Tools used in Deploy Phase are:
- Ansible: A great deal of IT automation is done using the Ansible platform, which is open-source. With Ansible, repetitive, manual tasks can be significantly reduced. Using this level of automation, your IT environment can become more consistent, reliable, and scalable. These are some DevSecOps tasks that can be automated using Ansible.
- Provisioning: Ansible is used by infrastructure bases for building up their servers.
Development of Application: It can enhance the pipelines of DevOps by automating the development process in the production environment. - Configuration Management: Ansible can automatically configure your applications, devices, and operating systems. It can help start and stop services, implement security policies, and manage applications.
OBSERVE
The deployment and stabilization of an application in a live production environment require it to be further secured once it has been deployed and stabilized. As a result of automated security checks and security monitoring loops, companies must monitor the live application for any attacks or leaks that may occur. To observe DevOps workflow at this level, we need to gather data from various sources, such as consumer behavior, application efficiency, and other sources that give us insight into this process.
Tools used in Observe phase are:
- Alert Logic: Alert Logic is a DevOps tool used across public cloud and hybrid environments to provide vital information on your security posture and detect threats to your business. Alert Logic utilizes agents within our network intrusion detection system (IDS) and logs management services to collect host information from our customers and clients. The agents copy only the necessary information and return it to Alert Logic for analysis.

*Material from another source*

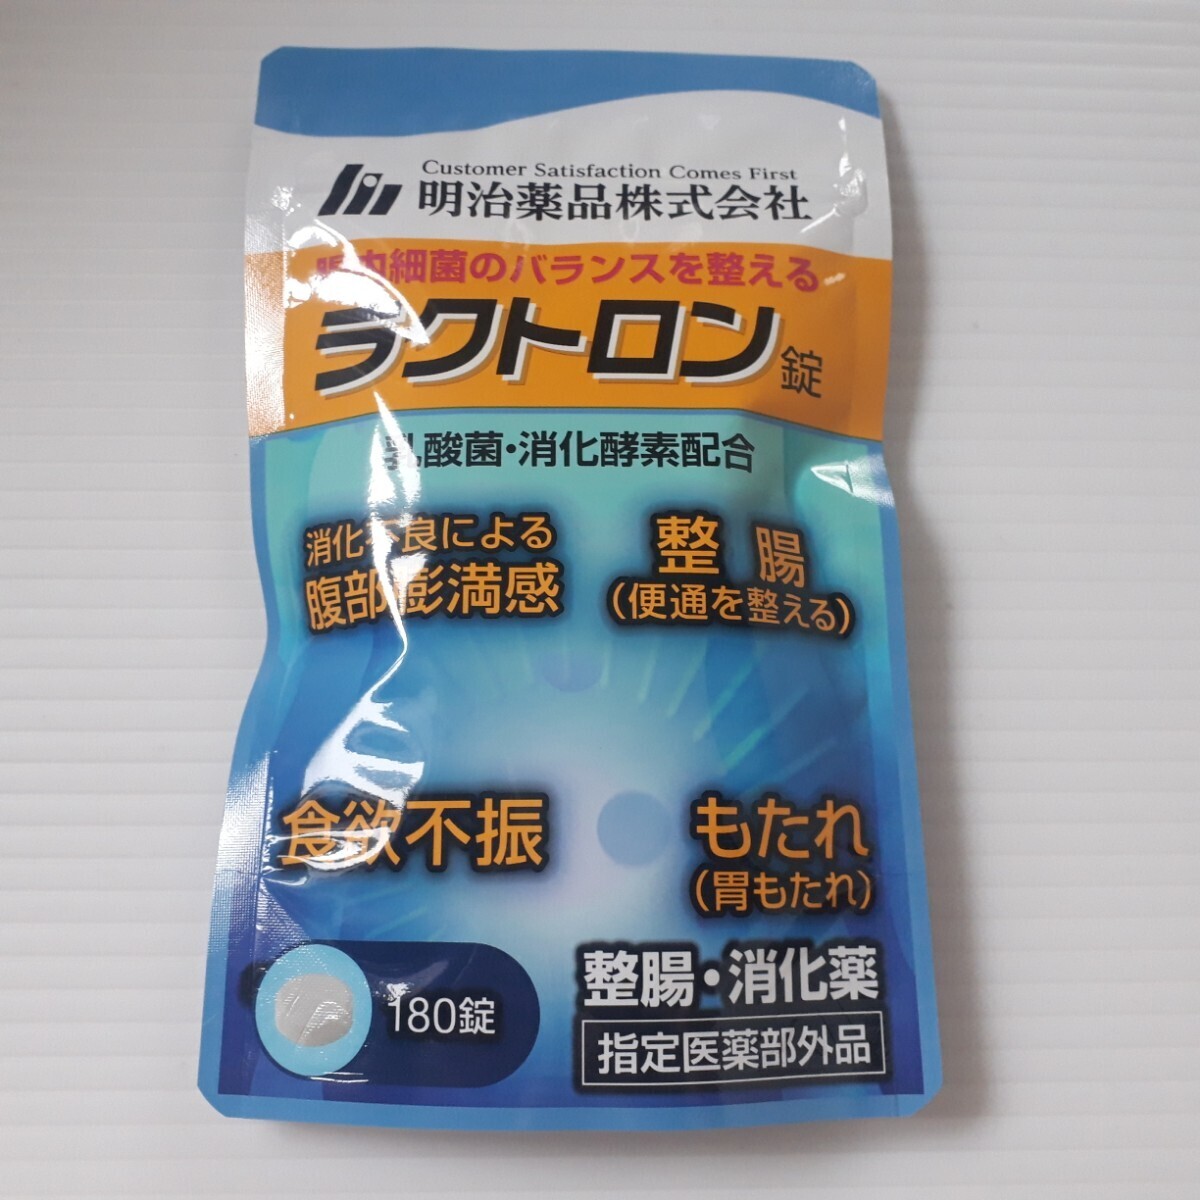 lakto long pills 180 pills ×1 sack Meiji medicines new goods unopened ②
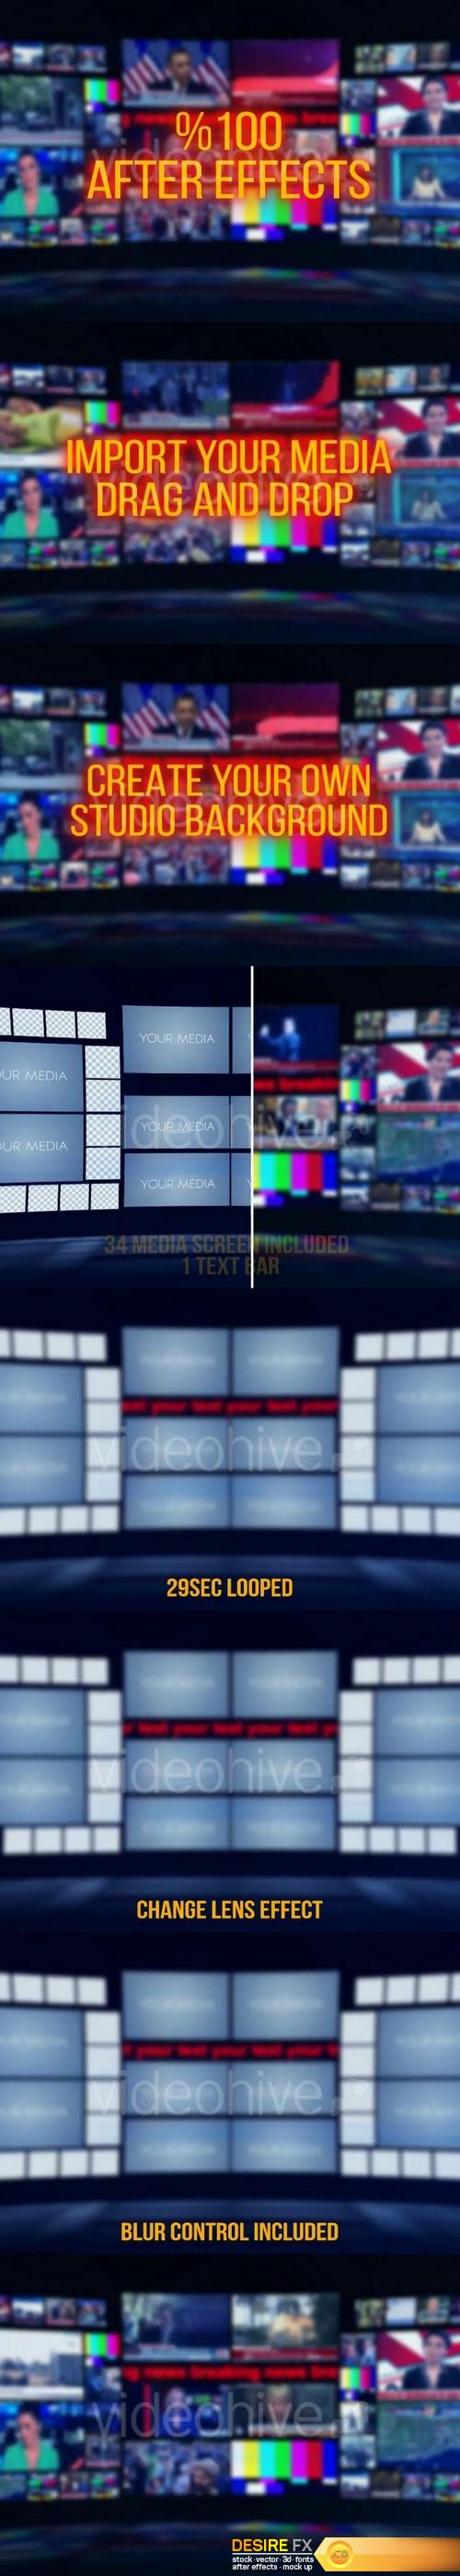 Videohive 19583069 TV Studio Background

- RASP(Runtime Application Self Protection): In the event of an inbound security threat, runtime application self-protection (RASP) provides automatic identification and blocking in real time. The role of RASP is to act as a reverse proxy which will cause the application to react to clear conditions, such as an incoming attack, by automatically configuring itself based on those conditions, which tunes into incoming threats and automatically responds in response without requiring any human intervention.